Paper builds further on top of HECO, for optimal data layout Paper improves on FHE-Booster for finding optimal bootstrap placement in CKKS-contexts

Abstract: Fully Homomorphic Encryption (FHE) enables computing on encrypted data, letting clients securely offload computation to untrusted servers. While enticing, FHE has two key challenges that limit its applicability: it has high performance overheads (10,000× over unencrypted computation) and it is extremely hard to program. Recent hardware accelerators and algorithmic improvements have reduced FHE’s overheads and enabled large applications to run under FHE. These large applications exacerbate FHE’s programmability challenges. Writing FHE programs directly is hard because FHE schemes expose a restrictive, low-level interface that prevents abstraction and composition. Specifically, FHE requires packing encrypted data into large vectors (tens of thousands of elements long), FHE provides limited operations on these vectors, and values have noise that grows with each operation, which creates unintuitive performance tradeoffs. As a result, translating large applications, like neural networks, into efficient FHE circuits takes substantial tedious work. We address FHE’s programmability challenges with the Fhelipe FHE compiler. Fhelipe exposes a simple, numpy-style tensor programming interface, and compiles high-level tensor programs into efficient FHE circuits. Fhelipe’s key contribution is automatic data packing, which chooses data layouts for tensors and packs them into ciphertexts to maximize performance. Our novel framework considers a wide range of layouts and optimizes them analytically. This lets Fhelipe compile large FHE programs efficiently, unlike prior FHE compilers, which either use inefficient layouts or do not scale beyond tiny programs. We evaluate Fhelipe on both a state-of-the-art FHE accelerator and a CPU. Fhelipe is the first compiler that matches or exceeds the performance of large hand-optimized FHE applications, like deep neural networks, and outperforms a state-of-the-art FHE compiler by gmean 18.5×. At the same time, Fhelipe dramatically simplifies programming, reducing code size by 10× - 48×

[asraa]

Thank you for this!

• @lawrencekhlim just for visibility into program optimizations for CKKS

[j2kun]

This is definitely on my immediate reading list.

[j2kun]

Notes as I read:

• They have a Python-embedded tensor-DSL as their frontend
• They support Lattigo and CraterLake as backends
• Their code does not appear to be open source
• They only target CKKS
• They reuse EVA's waterline rescaling
• The order of operations in the compiler is: parse, assign tensor layouts, with conversions, then to rescaling and bootstrap insertion

They have this expressive language for the packing layout options available to them. The part I'm puzzling over now is: how do they "perform many operations by simply changing the tensor layout (the permutation of index bits), without changing the underlying ciphertexts." It makes it sound like changes in packing are free, when of course they are not.

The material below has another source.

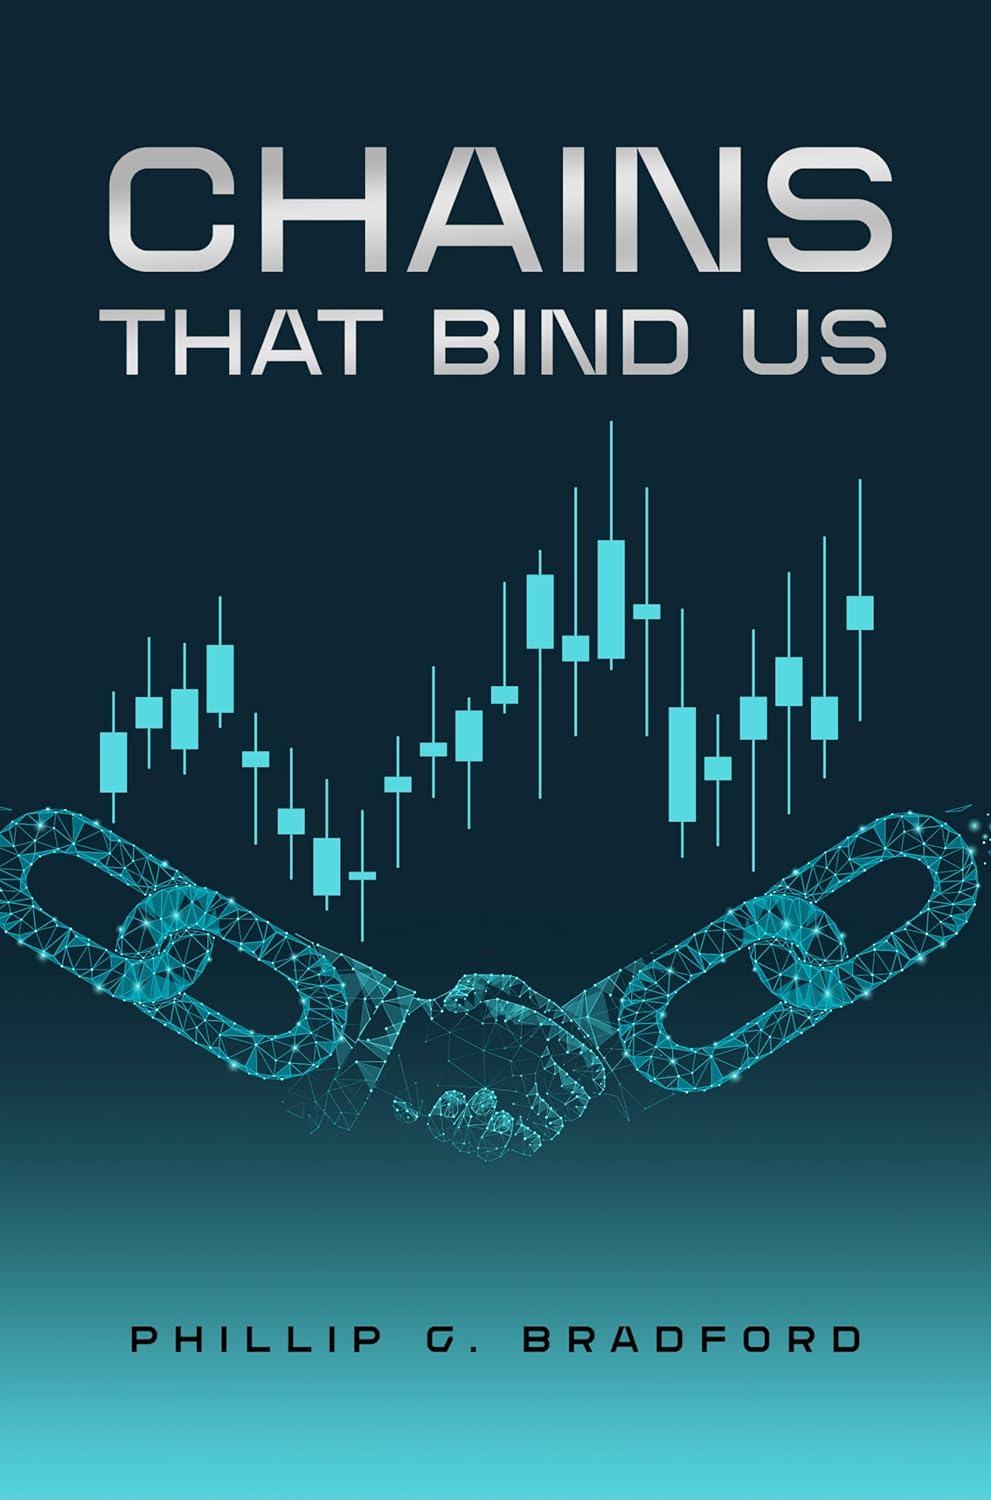 Understand The World Of Blockchain With This New Book By Phillip G. Bradford

[edit]: section 5.3 makes it clearer that these are not entirely free operations. Their "stride" operation, for example, lowers to masking to drop the omitted values (which adds multiplicative depth). They still claim some of their ops are free (e.g., drop_dim: discard a dimension of size 1), but it's not fully clear to me how.

[j2kun]

In sec 5.4 they describe their layout assignment pass. It does a forward dataflow analysis:

1. Set each input to row-major order
2. Propagate layouts forward (some ops have an output layout that differs from the input layouts)
3. When encountering an op with two incompatible input layouts, insert a layout conversion op to make it compatible.

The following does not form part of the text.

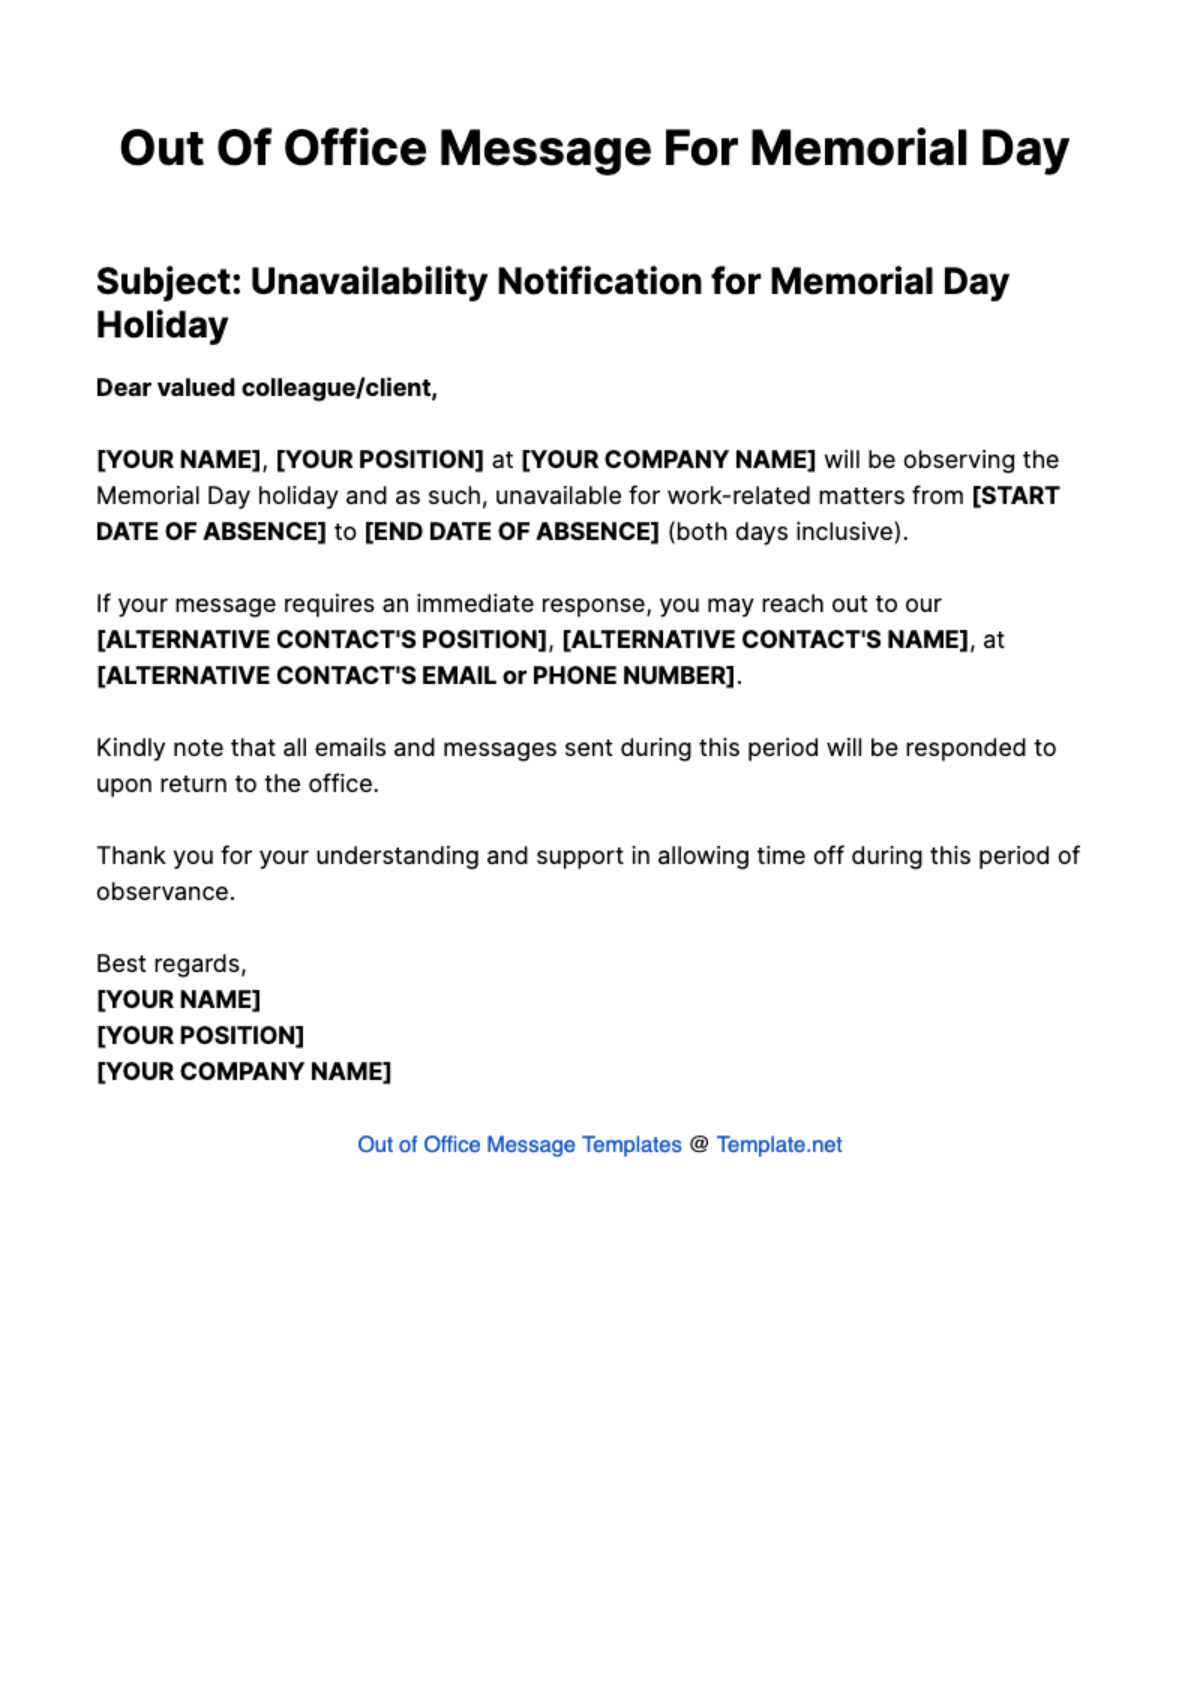 Free Out Of Office Message For Memorial Day Template

Then a second backward pass (or maybe during the same pass), it tries to greedily hoist the layout conversion ops as early as possible, so long as doing so reduces the cost of layout conversion. They apparently have a cost model for how expensive layout conversions are, based on the number of "rotate groups" as described in their implementation of layout conversion as implementing a permutation on the underlying data.

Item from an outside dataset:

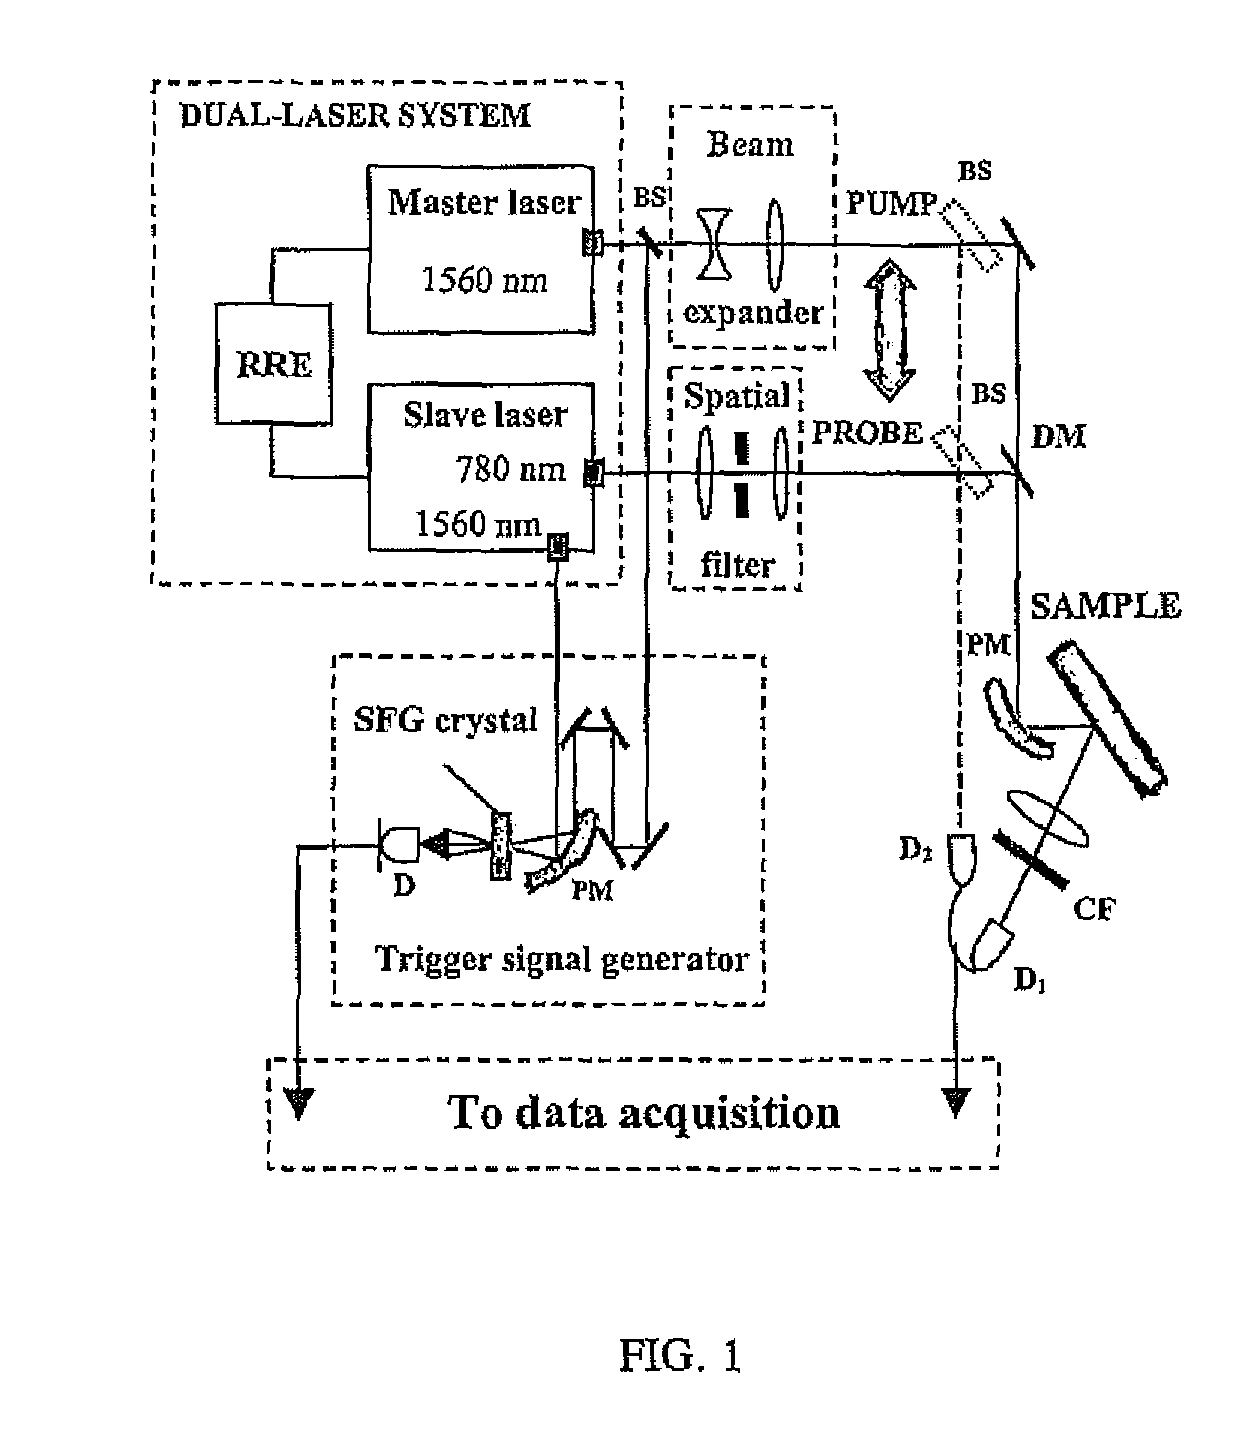 Method and system for measuring at least one property including a magnetic property of a material using pulsed laser sources

To that point, another big part of the paper is actually implementing layout conversions (5.5) which does something I haven't fully grokked yet related to decomposing a permutation into stages of groups of rotations, with some heuristics to decide how many stages to use. They cite section 3 of Algorithms in HELib ("Permutations and Shift-Networks") which seems to implement a general algorithm for computing the optimal decomposition of a permutation into shifts. This would be another good thing for us to implement.

[j2kun]

In 6.2 they define a bootstrap-placement algorithm based on dynamic programming: partition the dataflow graph by multiplicative depth, and then insert bootstrap operations for all nodes at a given level (or no nodes at that level), which requires a cost model of the individual operations (not just bootstrap). They get their cost model from CraterLake's spec.

[j2kun]

It's clear that there is a lot of good stuff in this paper to implement. CC @lawrencekhlim who is thinking about Halevi-Shoup packing. It might be too much for the remainder of his internship to tackle this entire paper (especially since the code is not public), but it might be worth figuring out how we could implement Halevi-Shoup in a way that is future-proof for these techniques.